Если у подружки, забежавшей поиграть с нами, были на зубах шины, бабка говорила, что она задается, потому что у нас зубы росли кривые, и не было денег их выправить. А с чего это вдруг доктор пригласил нас на ужин? Чтобы ее бедные крошки там краснели? Жена у него такая цаца из Нью–Йорка, а дочки вечно задирают нос со своими шпильками из чистого золота и шетлендским пони. Или чтобы ее девочкам не хотелось возвращаться домой к старой бабушке, у которой приходится жить просто, но честно?
Не было для нее такого слоя общества, который не погряз бы во лжи и гнусных кляузах. Но всего хуже была школа. Разве не сама учительница виновата, что мы не понимаем дробей? И какое тогда она имеет право ставить нам кол? Бабке было яснее ясного, что та просто мстит за свою бездарность. И уж, конечно, бесплатную поликлинику закрывали как раз в те дни, когда подходила наша очередь. Значит, у нас опять разболится горло, зимой мы снова раскиснем, а бабке придется все нам подносить и уносить, и подниматься сто раз в день по лестнице, а ноги у нее больные, и сердце начинает пошаливать.
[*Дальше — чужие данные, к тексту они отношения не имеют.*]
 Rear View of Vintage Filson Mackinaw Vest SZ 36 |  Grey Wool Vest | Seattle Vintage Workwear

В этом тумане поклепов, интрижек и двусмысленностей мы с Дейзи росли, как черви. Не многие, я думаю, смогли бы выстоять в такой атмосфере вечного копания в грязном белье своих ближних. Они шпионили друг за дружкой, шептались, строили догадки, проводили параллели, неизменно начинавшиеся словами: «При всем моем уважении…», или «Это мне, в конце концов, безразлично, но…» Их бдительные патрули ежедневно выходили в город, а к вечеру слагали добычу у ног своей жрицы, ожидая пророческого толкования всей подноготной мясника, пекаря, свечника, газировщицы и уродливой глухой белой кошки аптекаря.
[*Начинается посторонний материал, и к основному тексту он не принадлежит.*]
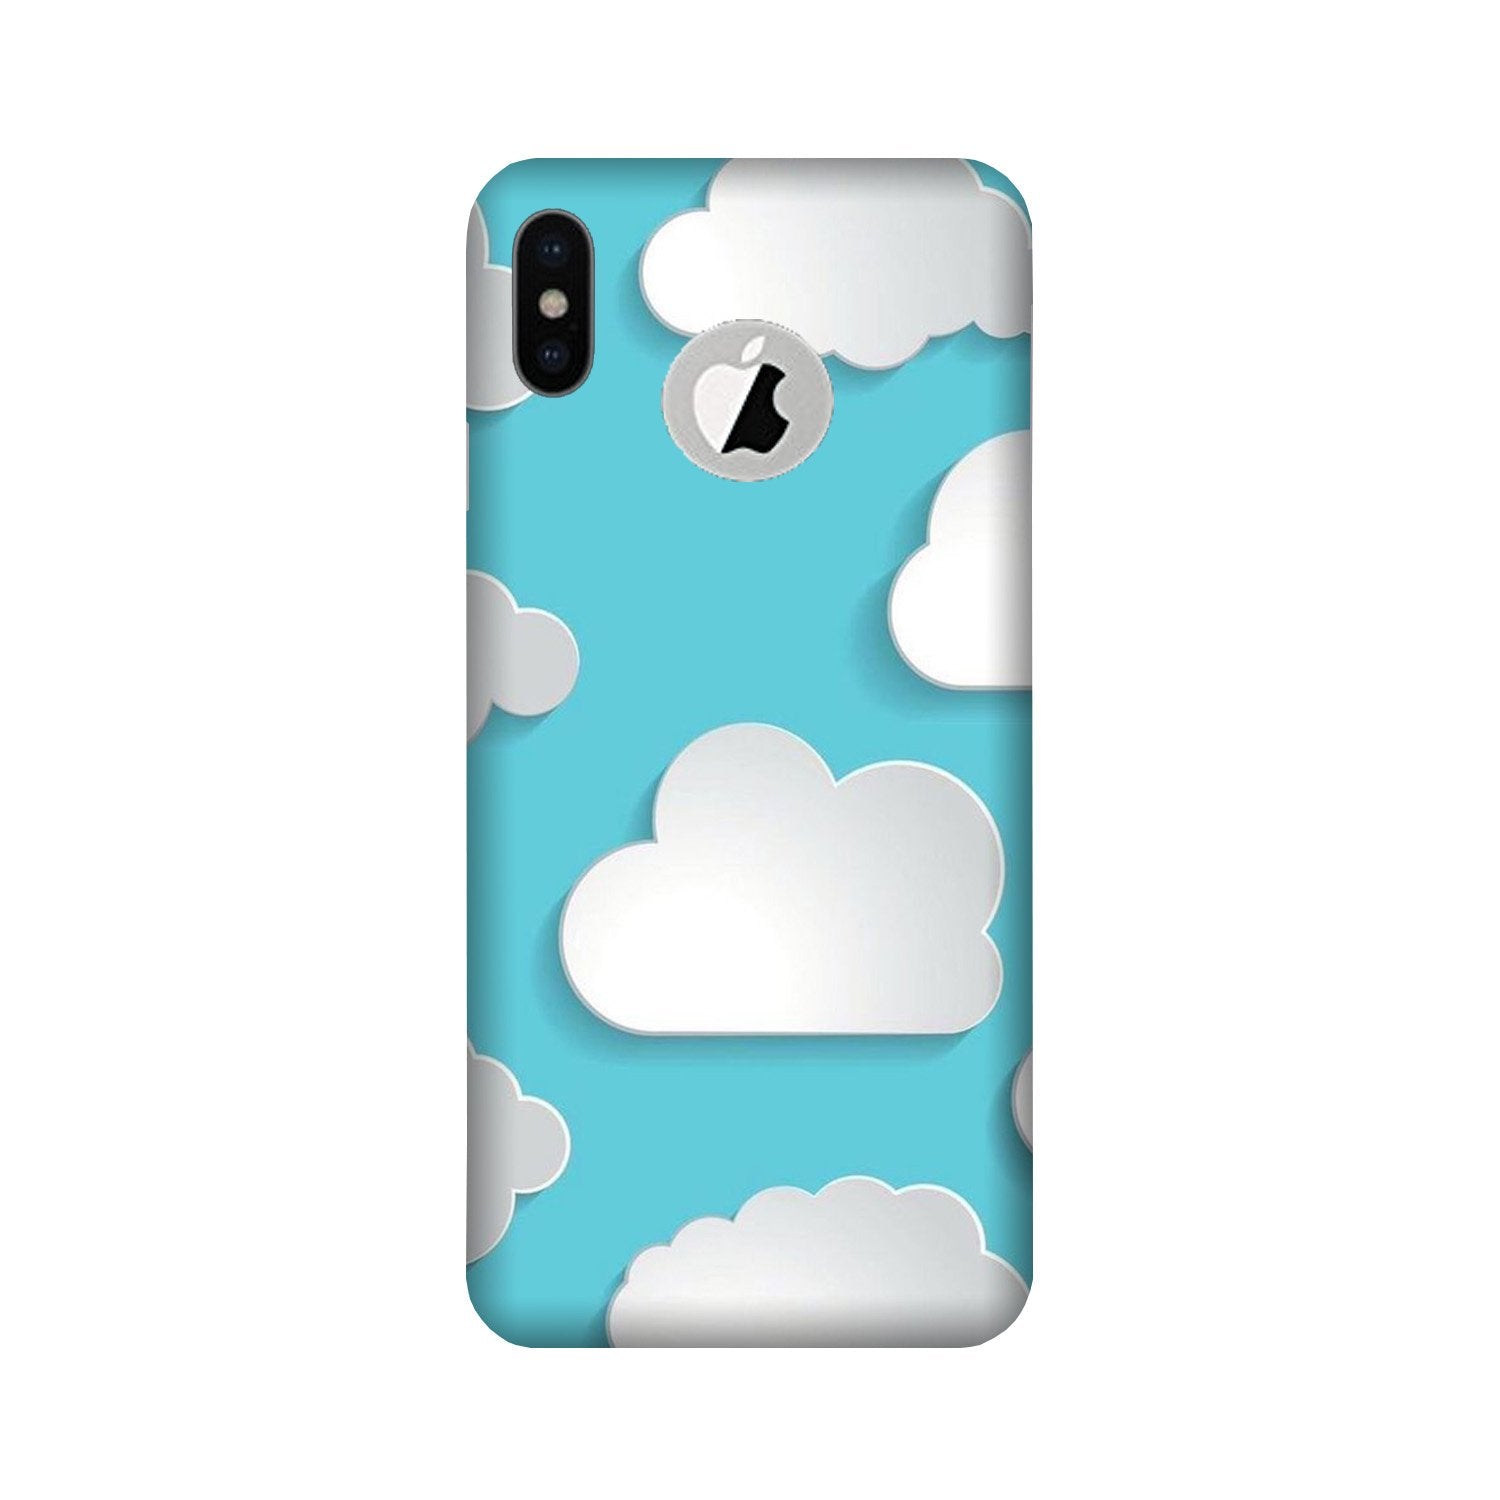 Clouds Case for iPhone X logo cut (Design No. 210)

Неудивительно, что я и Дейзи стали подозрительны, но подозревали мы самих себя, вечно в себе копались, хандрили и поднимали рев. Почему мы так несчастны, если бабушка жертвует для нас самым последним? Почему продолжаем нахально дружить с бакалейщиком, который хотел ее обвесить, когда она покупала свинину с бобами?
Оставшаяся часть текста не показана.